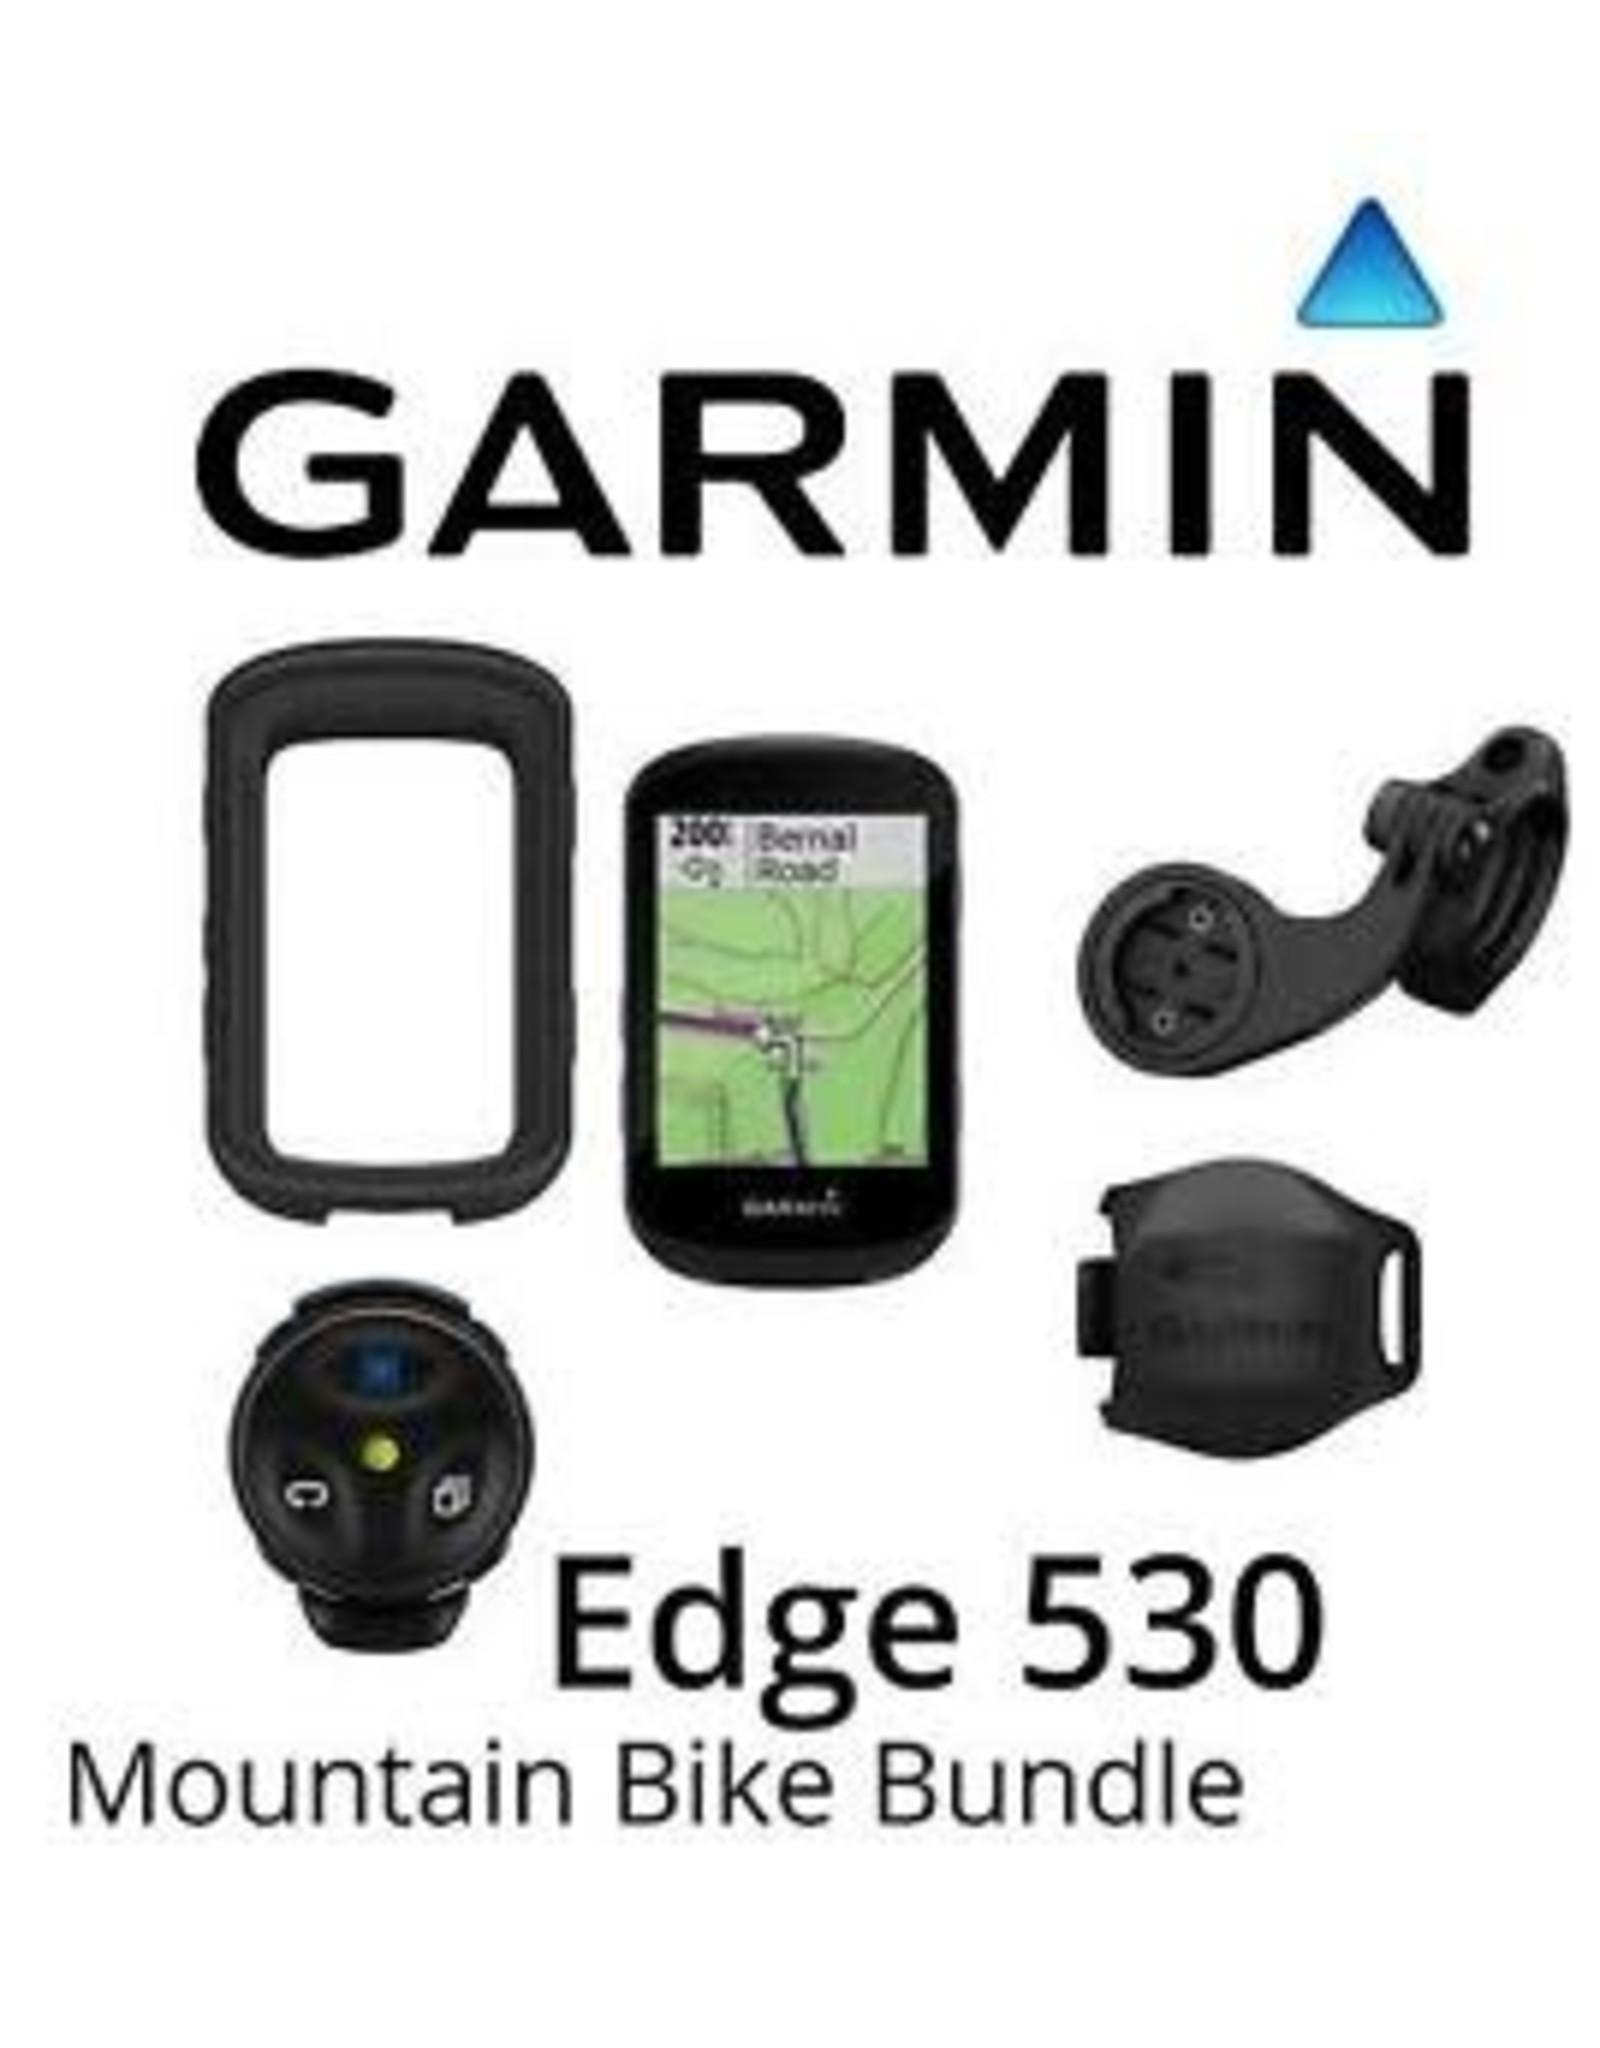 Garmin Edge 530 Mountain Bike Bundle DEMO
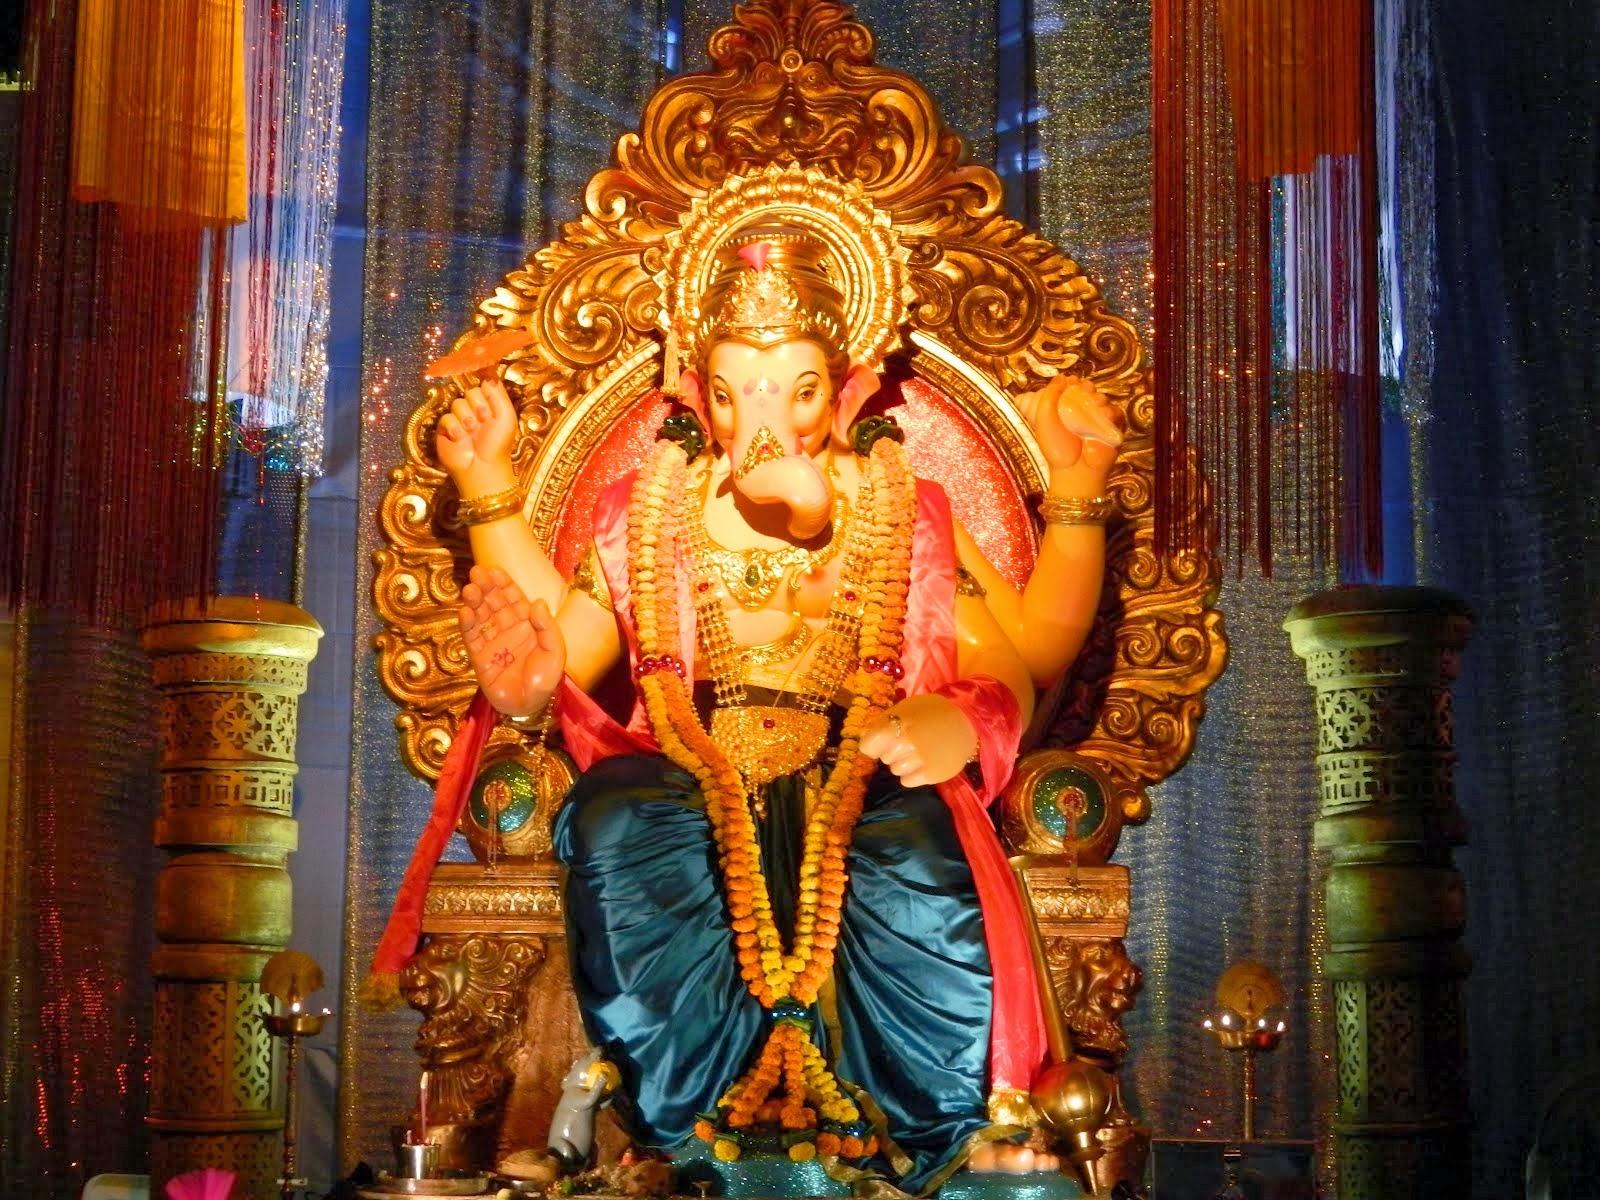 Download Images Of Lord Ganesha: Hindu God Wallpapers Download
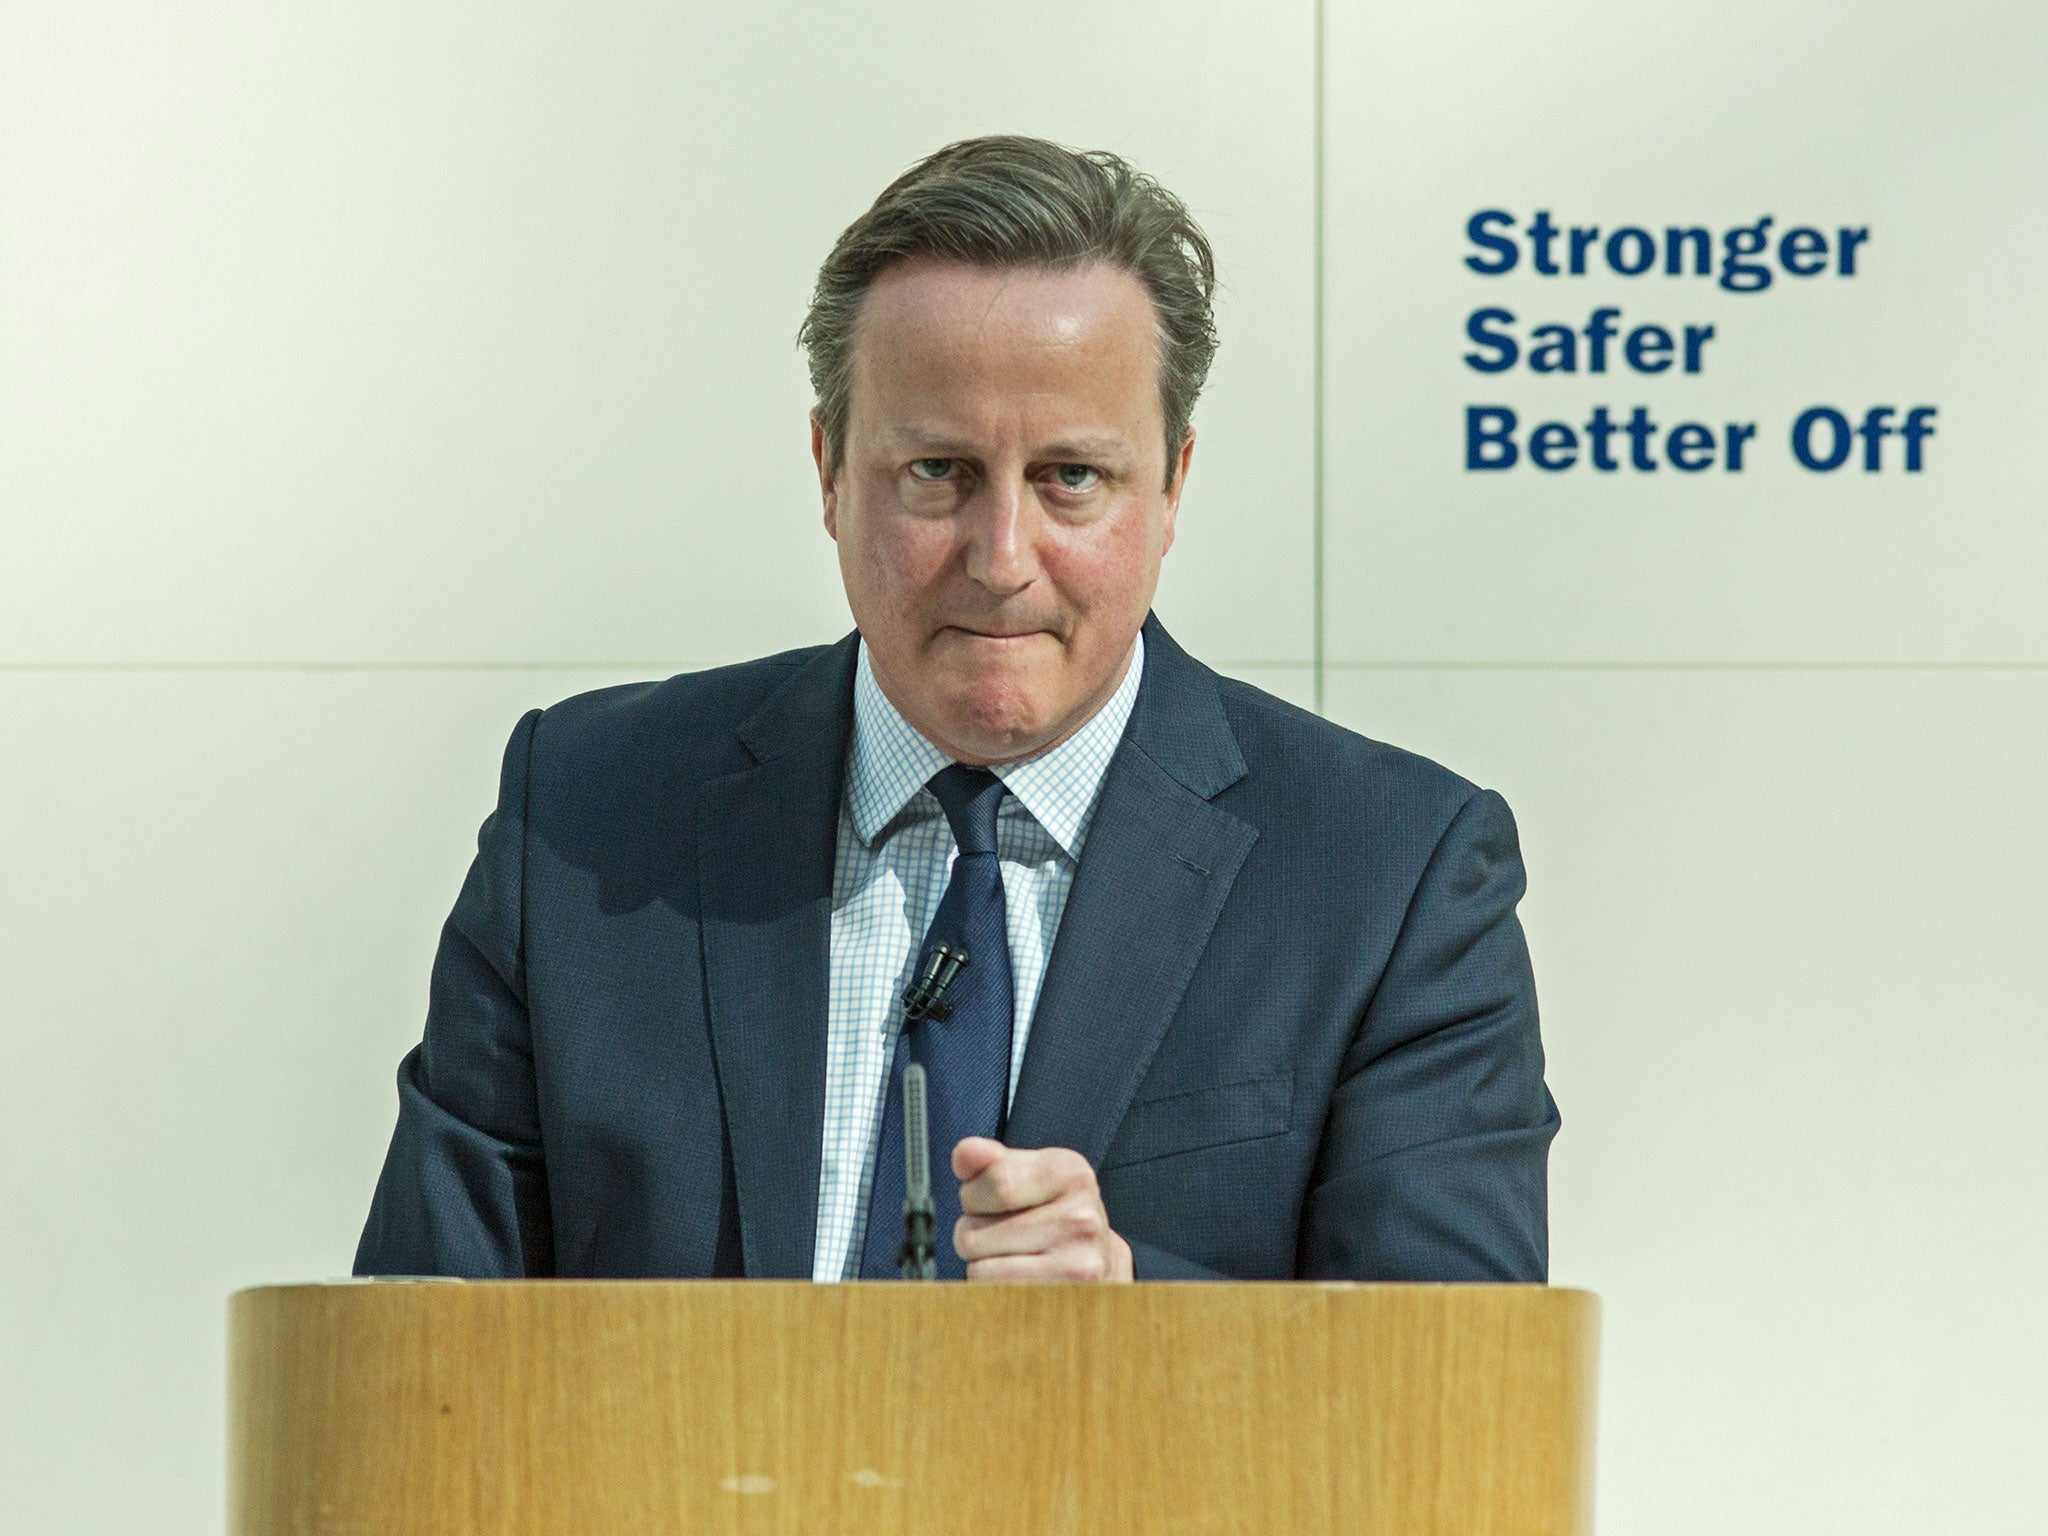 David cameron eu referendum betting football results and betting odds

┄┄┄┄┄┄┄┄┄┄┄┄┄┄┄┄┄┄┄┄

## Work instructions
Return the data word for word without its pictures.

## Answer for this exercise
 Garmin Edge 530 Mountain Bike Bundle DEMO
 Download Images Of Lord Ganesha: Hindu God Wallpapers Download
 David cameron eu referendum betting football results and betting odds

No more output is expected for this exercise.